Friday, November 25, 2016

This App Is Like Uber but for Unlicensed Therapists

Not an actual therapist or patient. Photo By BSIP/UIG Via Getty Images

"I'm there for you and I care for you," the woman on the other line says to me in a sincere, serene voice. "I know it might be strange to hear that from a stranger."

I'm sampling Happy, an app launching in December that seeks to connect lonely and distressed people to "ordinary folks with extraordinary listening skills" at the lower-than-your-copay price of 40 cents a minute.

My "happy-giver" suggests that I start by telling her my story and I do. Mostly she listens, but when I run out of things to say, she asks the appropriate questions, leading me over time to hopeful conclusions, which she distills in summary. Happy promises good listeners, friend-sharing, but the service it provides seems conspicuously like a watered-down form of therapy—amateur shrinks—the "sharing economy" taken to its next logical extreme.

Happy was created by a group of Princeton grads whose backgrounds fall neatly at the intersection between psychology, tech, and marketing. Founder Jeremy Fischbach (a psychology BA) explains that the idea came to him when he was going through a rough patch privately and professionally, and found all his best friends unreachable.

"Wouldn't it be nice if you could tap a button and hear a voice," he recalls, over the phone, "and for that person to give me as much time as I needed? For it to be a regular person with extraordinary abilities, who understood what I was going through? And for all of that to be anonymous, affordable?" In pursuit of that happiness, he reached out to his friend Ely Alvarado, with whom he'd already made a gaming app called Myne, which "incentivizes users to volunteer meaningful data that is valuable to marketers," and recruited a team of seven through his alumni network.

Their product, they assure me via conference call, is not a replacement for therapy, but a bridge to it. Happy isn't intended for the entirety of the emotional spectrum, which the founders lay out from 10 "bliss" to −10 "suicidal." Rather they are looking to cater to the −1 to −5, the mild forms of distress, the people going through life changes, breakups, relocations—the kind of person who wants to talk, but wouldn't call an 800-number.

"You've suffered from loneliness, sadness," Fischbach continues. " may find themselves speaking with someone who has suicidal or homicidal ideation. If a person is not trained, he or she will not be able to read between the lines."

Parts of my consultation feel like a first date with the kind of person who wants to fix me. More often, though, I feel like I'm talking to an untrained shrink with liability concerns.

The Happy founders respond to questions about the preparedness of their recruits by pointing to their rigorous hiring process. "We are vetting a huge population for people who are especially good at providing passionate attention—the crème de la crème," Pam Soffer (BA psychology) assures me. In slight contradiction, Fischbach tells me that the customer and the provider are interchangeable—another sharing economy trope. "A lot of these will be the same people," he says cheerfully, "getting happy one day, giving happy another day. Maybe even on the same day!"
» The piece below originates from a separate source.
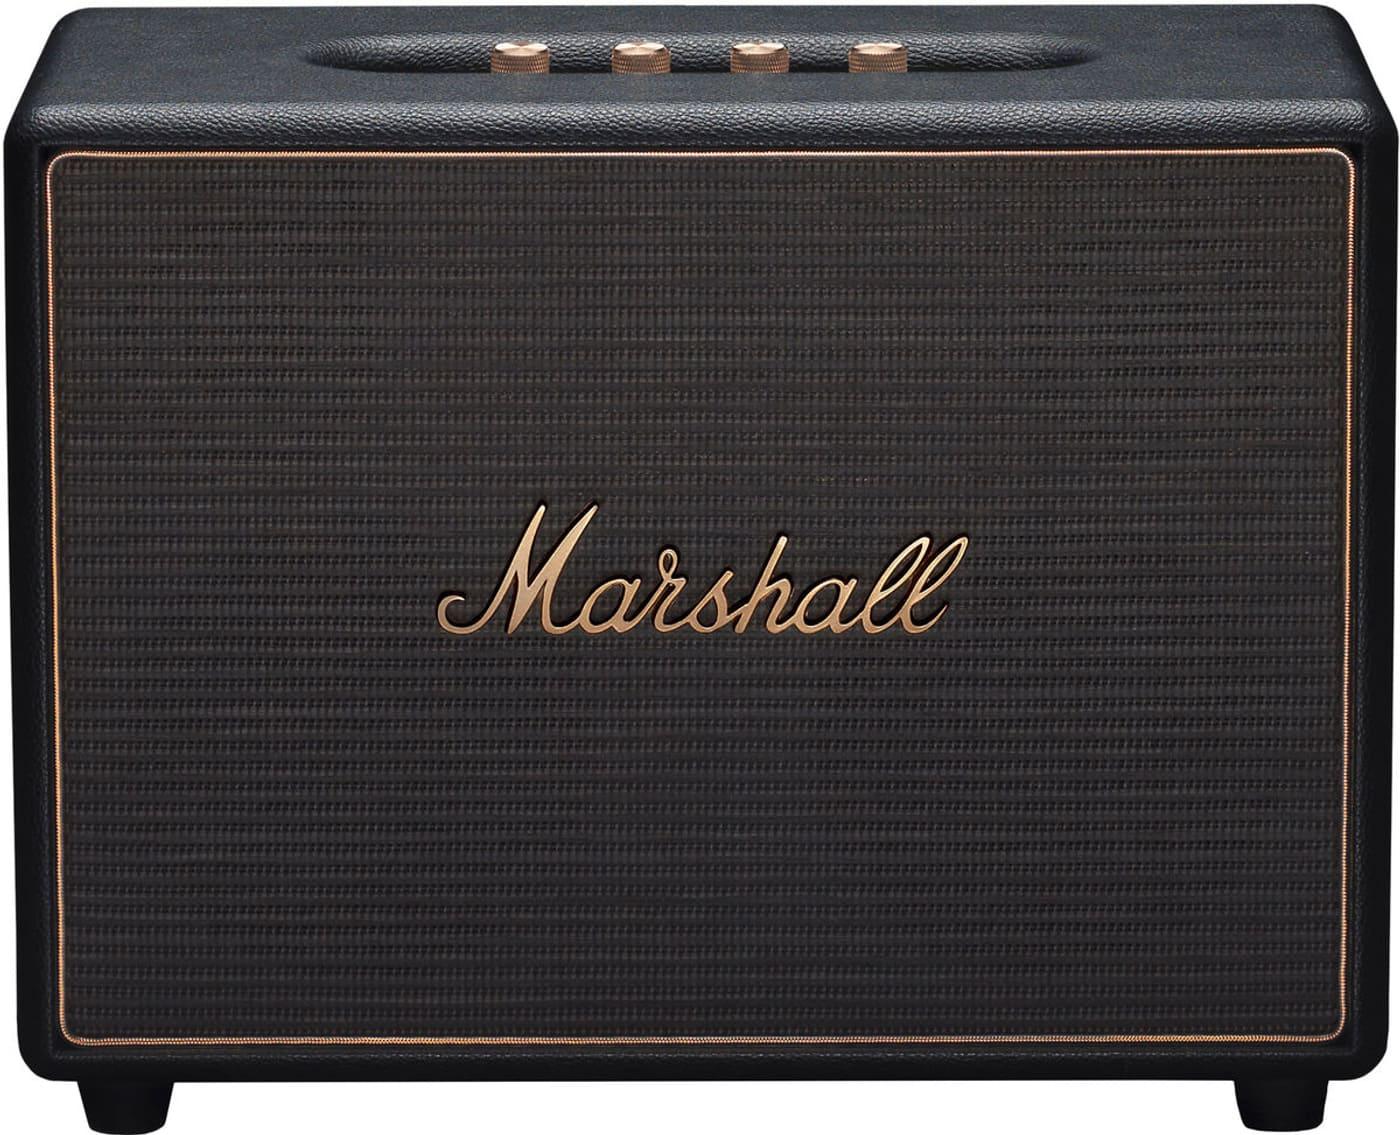 Marshall Woburn - Schwarz Multiroom Lautsprecher ... 9d6f824064294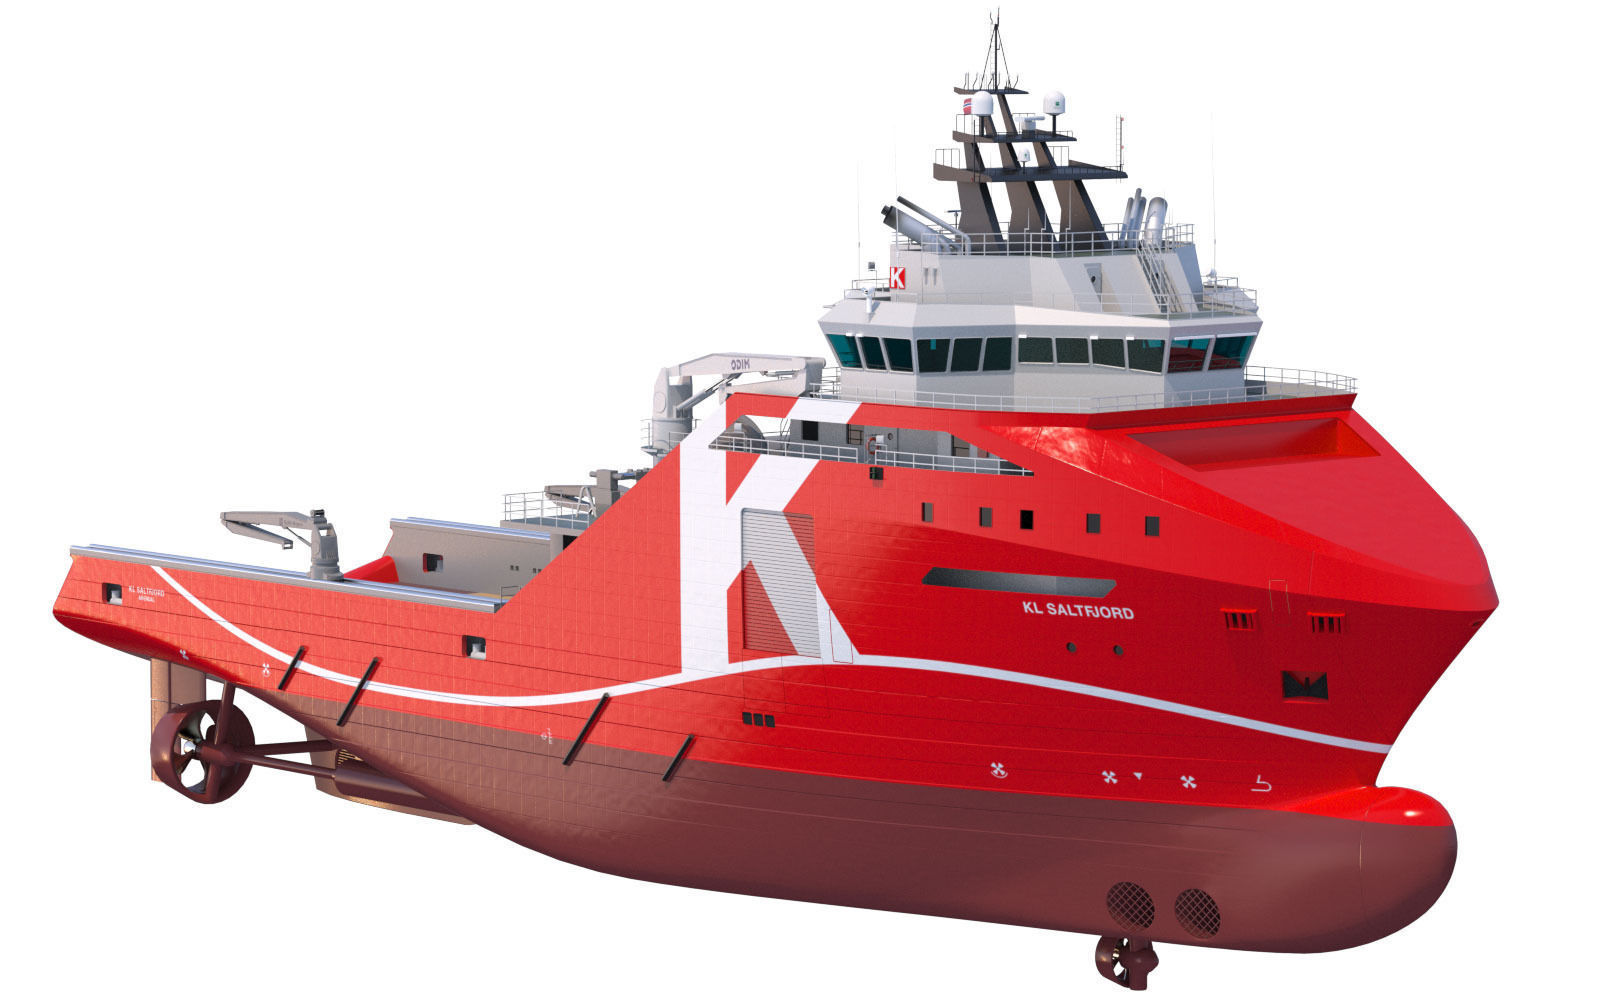 95 m AHTS Supply Vessel KL SALTFJORD

This, incidentally, is how I feel after my consultation. Having gotten happy, I now want to see if I have what it takes to give it. On a pure employment level, this appeals to me. As a writer, I'm always looking for more characters, stories, and, particularly, money.

Happy's hiring process turns out to be more pleasant than thorough. I put on my warmest telephone voice and my most reasonable demeanor and try to imitate the slightly concerned, slightly flirtatious spiel of my happy-giver. I tell the interviewer—a contracted recruiter in Texas—that I have experience with break-ups, alienation, loneliness, dislocation, sickness, and feel very comfortable talking to people about it. We proceed to do a mock call. "I don't know you, but I'm here for you," I assure her, trying to mean every word. "If you feel comfortable, do tell me your story." My interviewer does a little spiel about going through a divorce. "Divorces can be so difficult," I say. "You're very strong." My interviewer giggles. She has heard enough. She tells me more about my future employer, which she says is, "basically the Uber of emotional support."

If I weren't writing this article, I might just take the gig. This is an opportunity, after all, to get paid to research humanity, and without having to share my face like an Uber driver. Others may well benefit in my place: lonely people willing to settle for anonymous company, young folks just trying to make an extra buck with an unusual job, or retired folks who feel they have wisdom to dispense—just the accidental poetry that sometimes happens between strangers, even in the drab platform economy.

Happy is on the benign side of our digital deregulation craze, more or less. Unlike Uber or Lyft, its contractors don't have to buy cars that could wreck them financially; unlike Airbnb, its service won't price the poor out of America's inner cities. I'm not worried about shrinks going postal over Happy. Instead, I'm concerned that rich people will continue to get high-end mental health treatment while the rest of us keep ourselves barely hanging on, one phone call at a time.